Benny Goodman strolled down New York’s Second Avenue one recent morning, covering the nine blocks between his apartment and a health club, where he swims each day, in about ten minutes. During that time no fewer than four strangers recognized him and vigorously shook his hand. They varied in age from near-contemporaries to youngsters clearly born long after Goodman’s glory days. But all had much the same thing to say. “I just want to thank you,” said one, who appeared to be in his late forties. “I can’t imagine my life without you and your music.” Indeed, it’s difficult to imagine twentieth-century America—at least that part of it which has to do with entertainment—without Benny Goodman. No other jazz figure—not even Duke Ellington or Louis Armstrong—has come to mean so much to so wide a cross-section of the population as has this quiet-spoken, bespectacled jazz clarinetist.

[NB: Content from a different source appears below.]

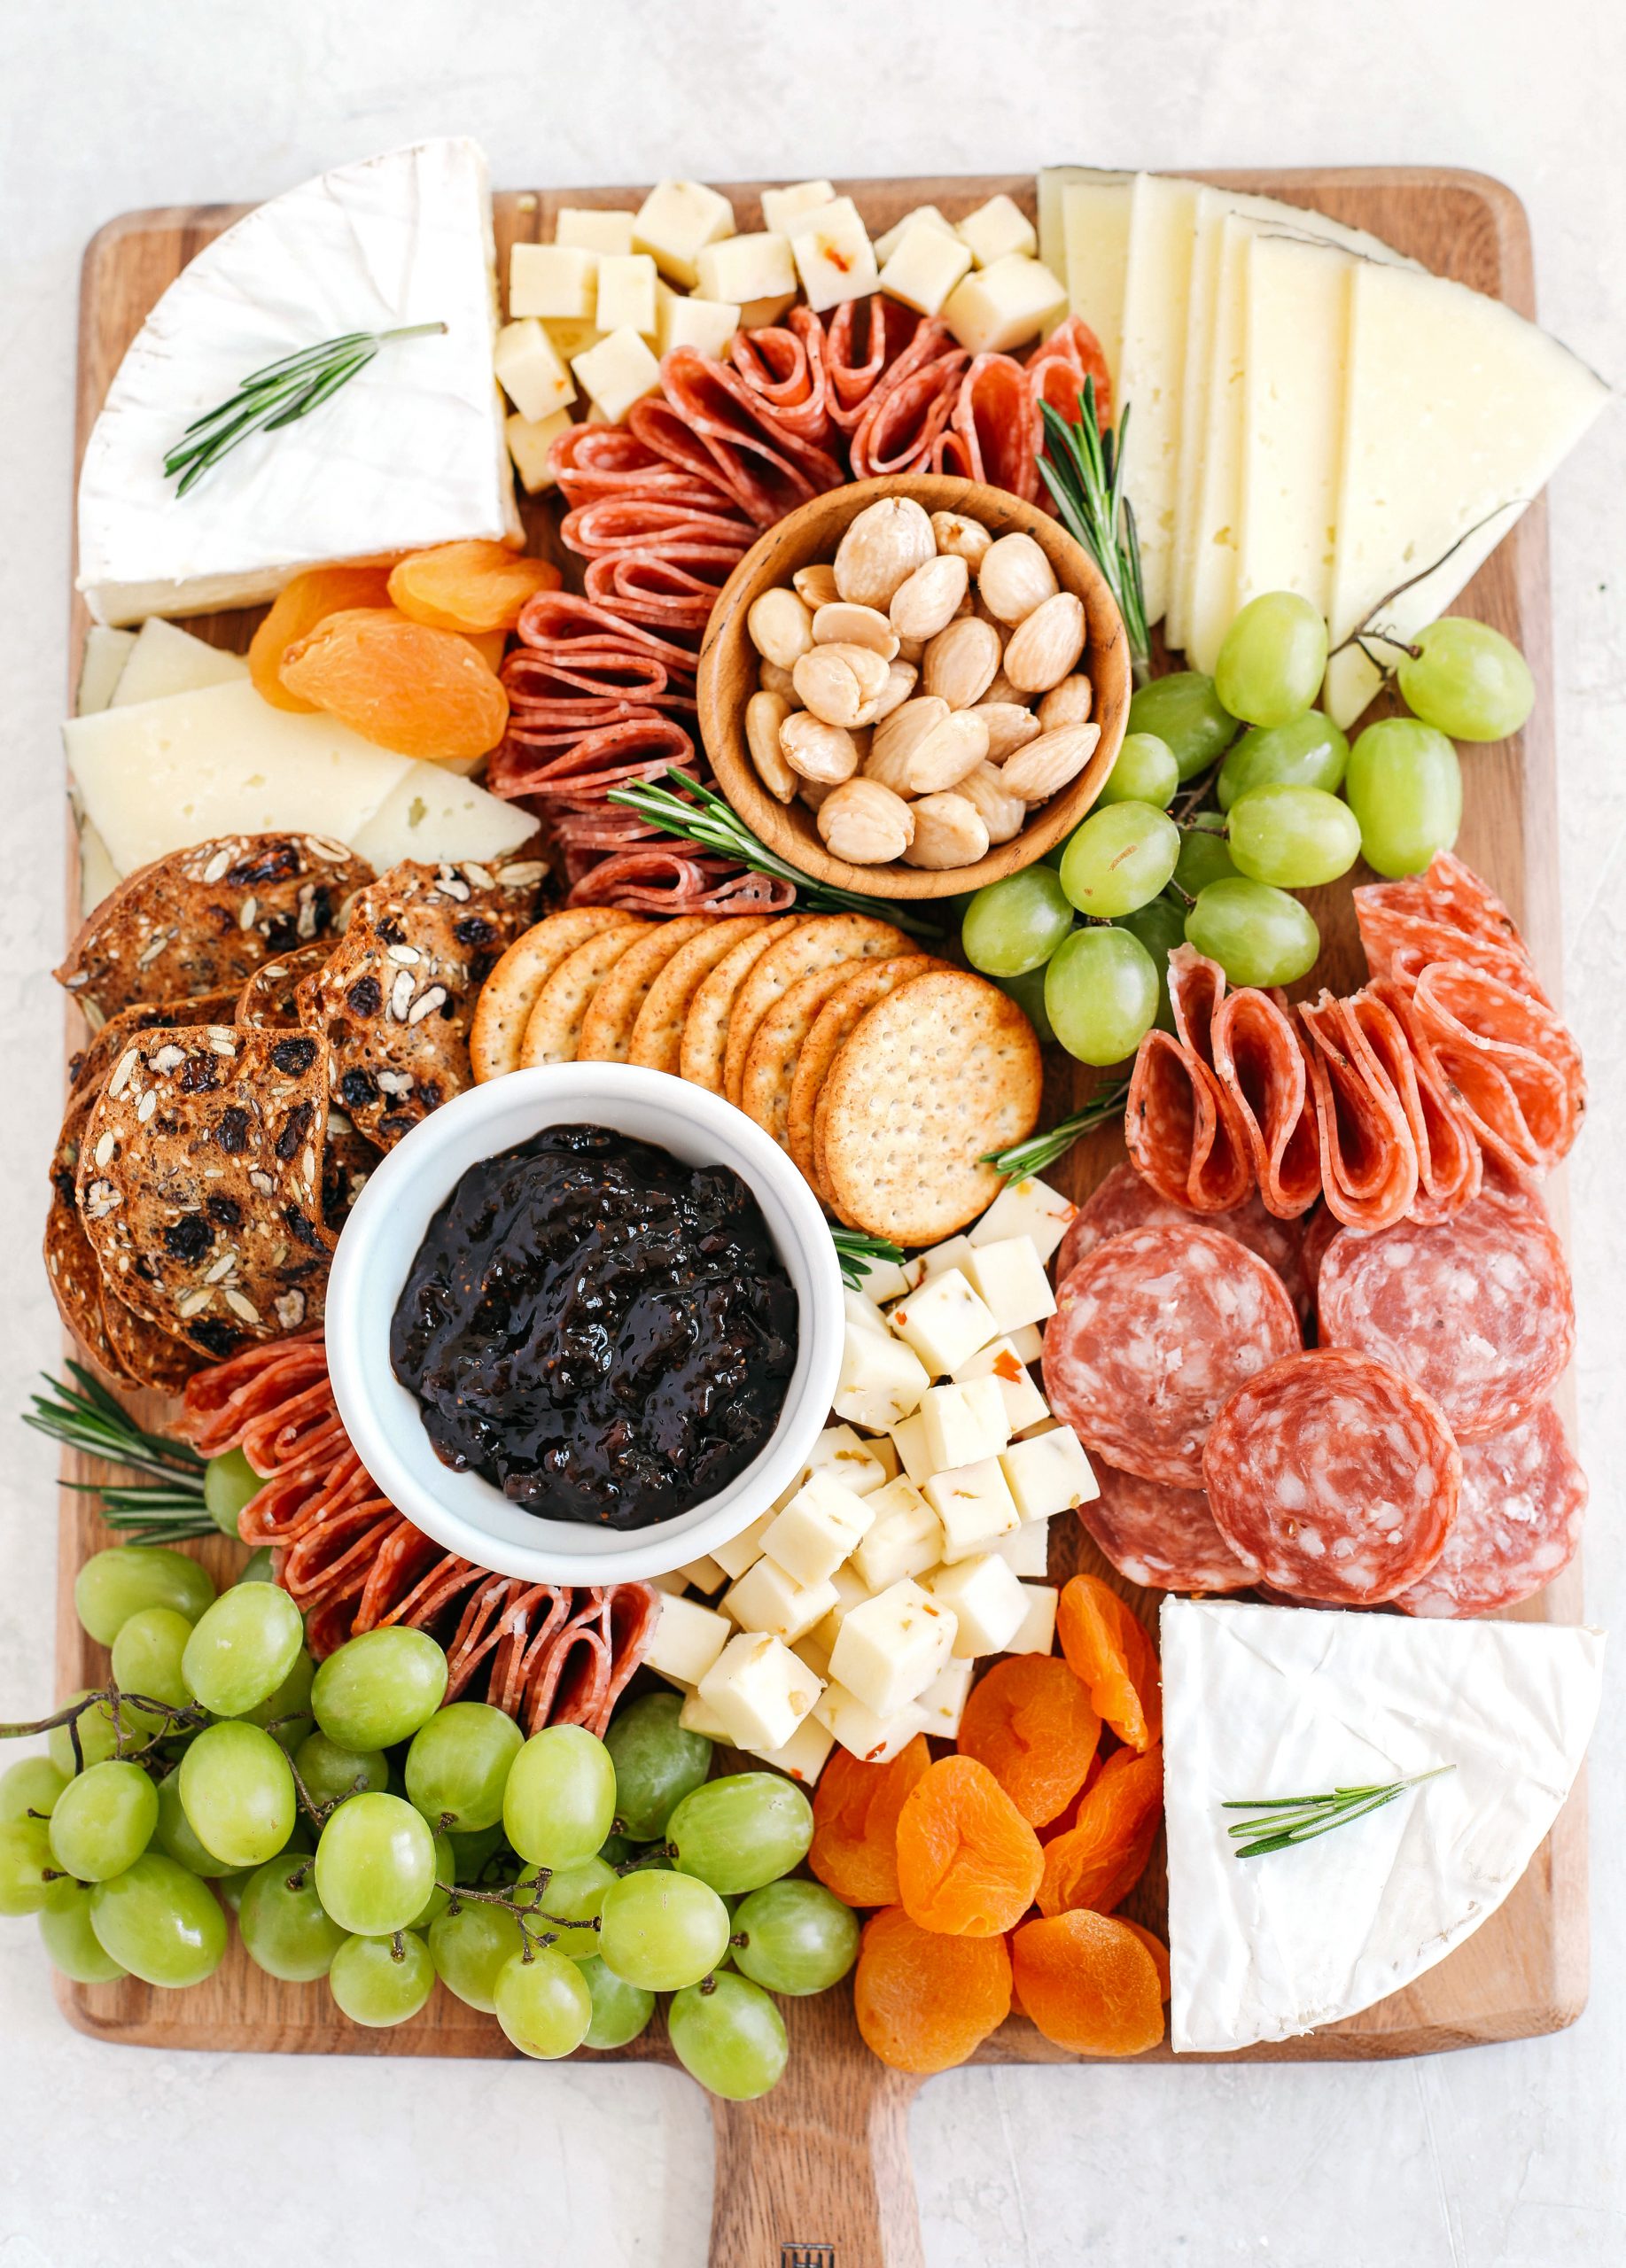 My favorite tips and tricks for building a perfect cheeseboard with all your favorite charcuterie that is simple, beautiful and made in just minutes!

Benjamin David Goodman was born in Chicago, May 30, 1909, ninth of twelve children of Russian-Jewish immigrant parents. His father, a tailor, worked hard; but it was clear from the outset that the Goodman siblings would have to learn quickly and well how to be self-sufficient in a tough, keenly competitive—and not always just—world. Young Benjamin received his first clarinet at age ten, and within four years he was playing it professionally around Chicago.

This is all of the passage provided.